After the spa, the single man and his wife went to the bathroom to shower together (also previously agreed upon, but to my surprise, his wife was willing to go with him. Initially, we said we might not shower together on the first time, but the spa probably really relaxed her a lot). After showering, the real threesome began (I won't describe the process in detail; there are a few photos in the album, you can use the photos to imagine it yourself).

Now

let's talk about the specific feelings. Perhaps because it was my first time, I was nervous, and the activity didn't meet my expectations. We only did it once. My wife and I were both satisfied with the threesome format, but she wasn't particularly satisfied with the sexual experience. First, A's penis was a bit small, and the duration was a bit short. This might be because we didn't communicate well with her beforehand, and his foreplay wasn't as experienced. Here, I want to remind all single men to learn more about their swap partners, especially their wives' preferences, beforehand. Some like it more intense, some like it gentler; you must understand that everyone's preference for intensity is different. However, we were quite satisfied with A's character and manners. For couples who haven't tried this yet, I want to give the husband some advice: before deciding to do it, you must have a deep understanding of yourself and not act impulsively. When your wife is truly exposed to a stranger and you have sex with her, there will be a contrast in your mindset. You must have a strong emotional foundation. If you can overcome this problem, your relationship will undoubtedly undergo a qualitative leap. Through this activity, my wife and I have clearly reached a new level; her dependence on me and my love for her have genuinely increased.

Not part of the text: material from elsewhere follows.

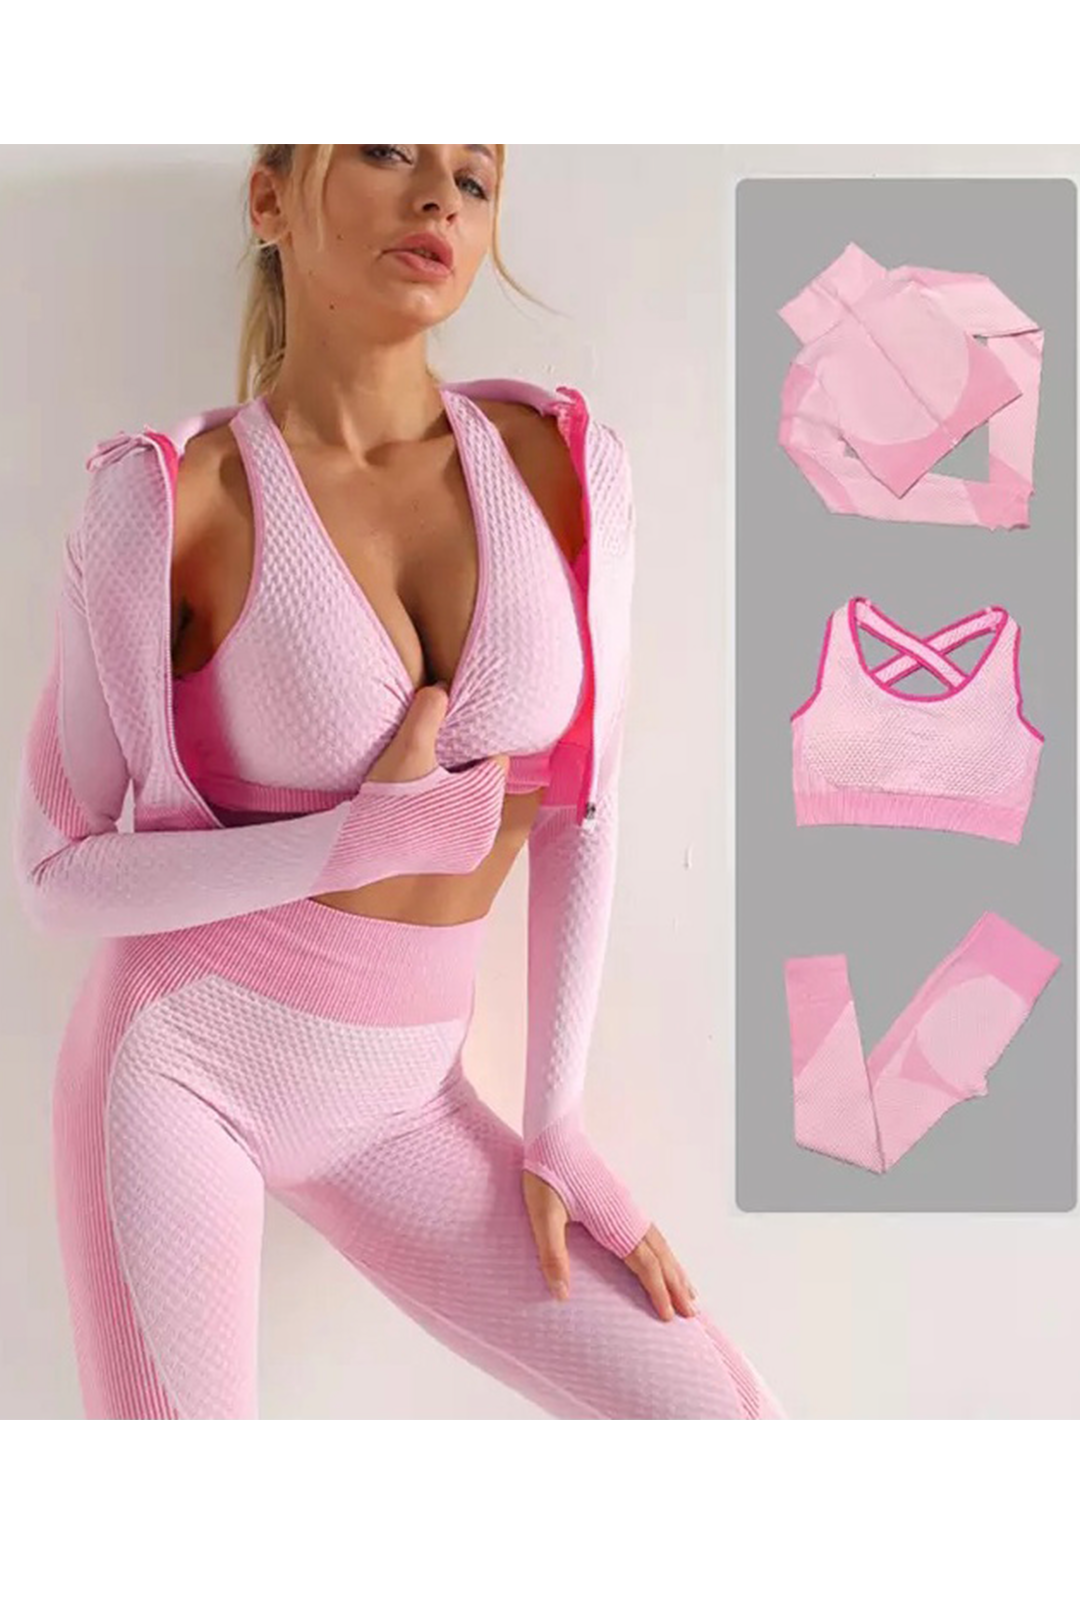 Women 3pcs Yoga Sets Fitness sportswear Suit Long Sleeve Zipper with Sport  Bra & Leggings Pants Pink !Shop Now
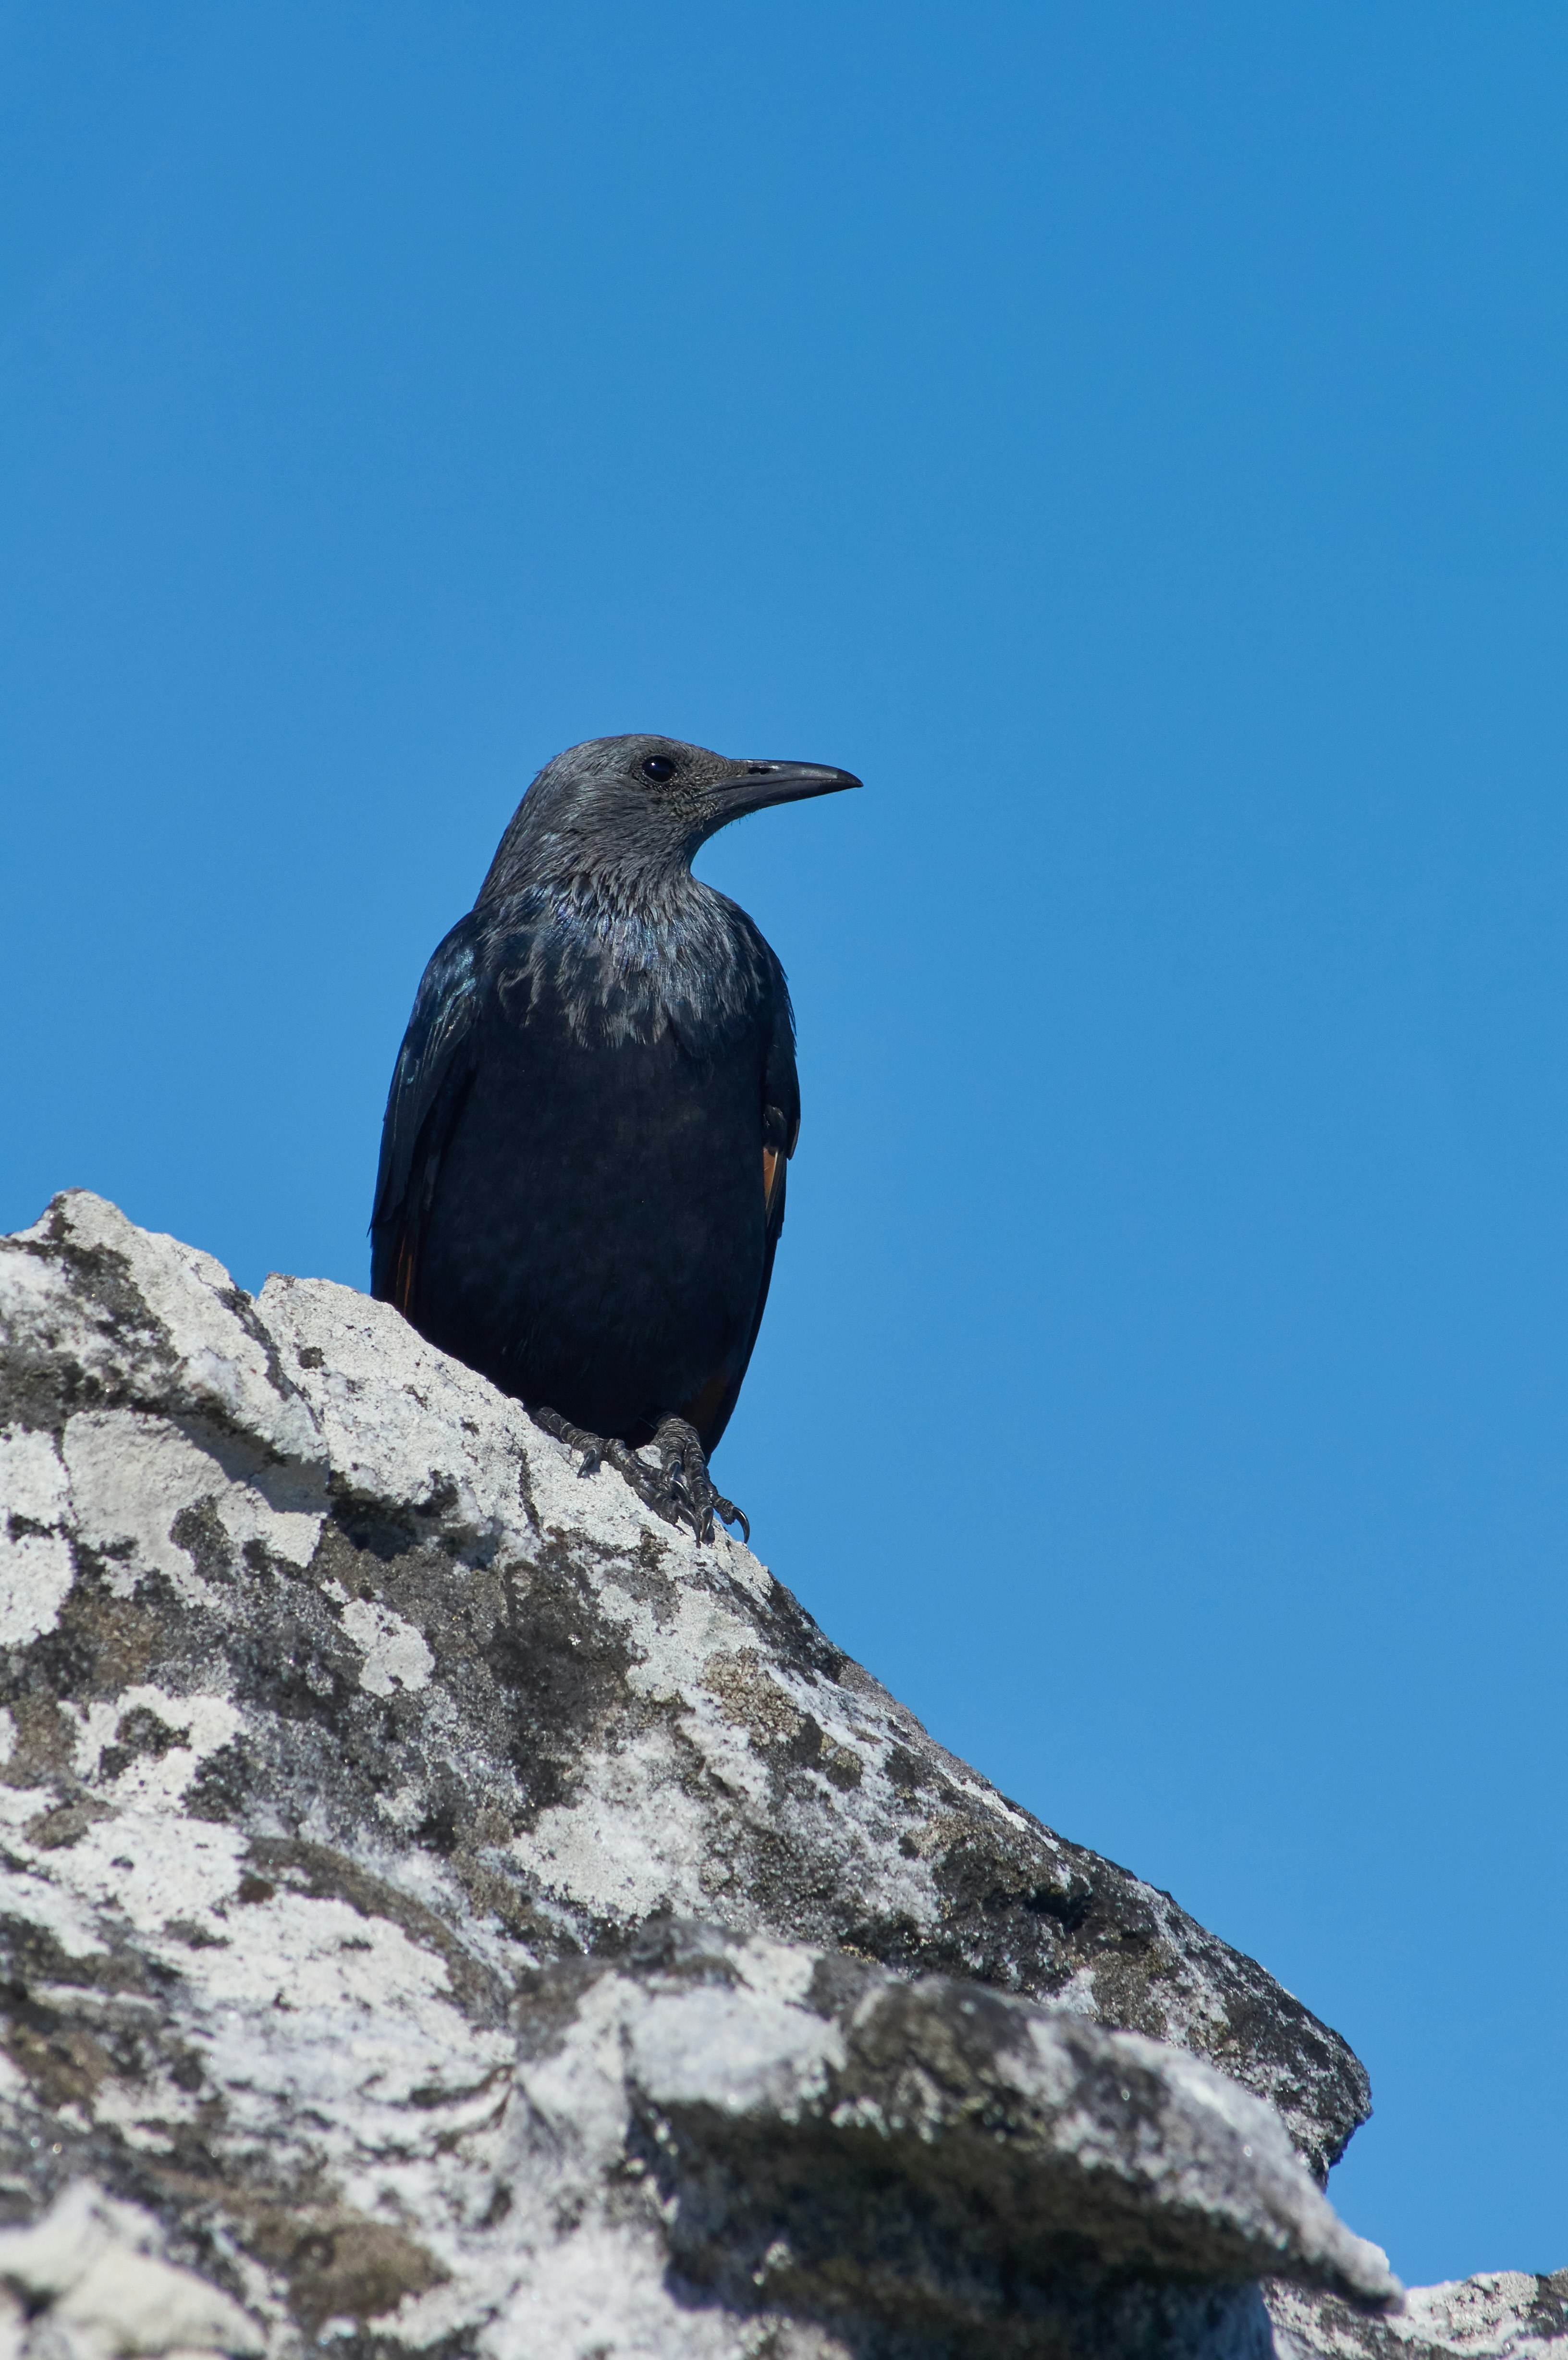 black bird perched on rock

Honestly, I believe that for husbands who participate in couples-based dating, their wives mostly agree to participate because they love them and because they appreciate their preferences. Regardless of success or failure, you should treat your wives even better. To wives, I thank you for your love and sacrifices, which allow us men to satisfy our desires to the fullest. To single men, I say: more sincerity, less prejudice, more self-cultivation, less cynicism—all will bring rewards.

Finally, I wish all those who sincerely seek friendship will find their ideal partner. This is a bit rambling, but please bear with it; these are all my genuine thoughts!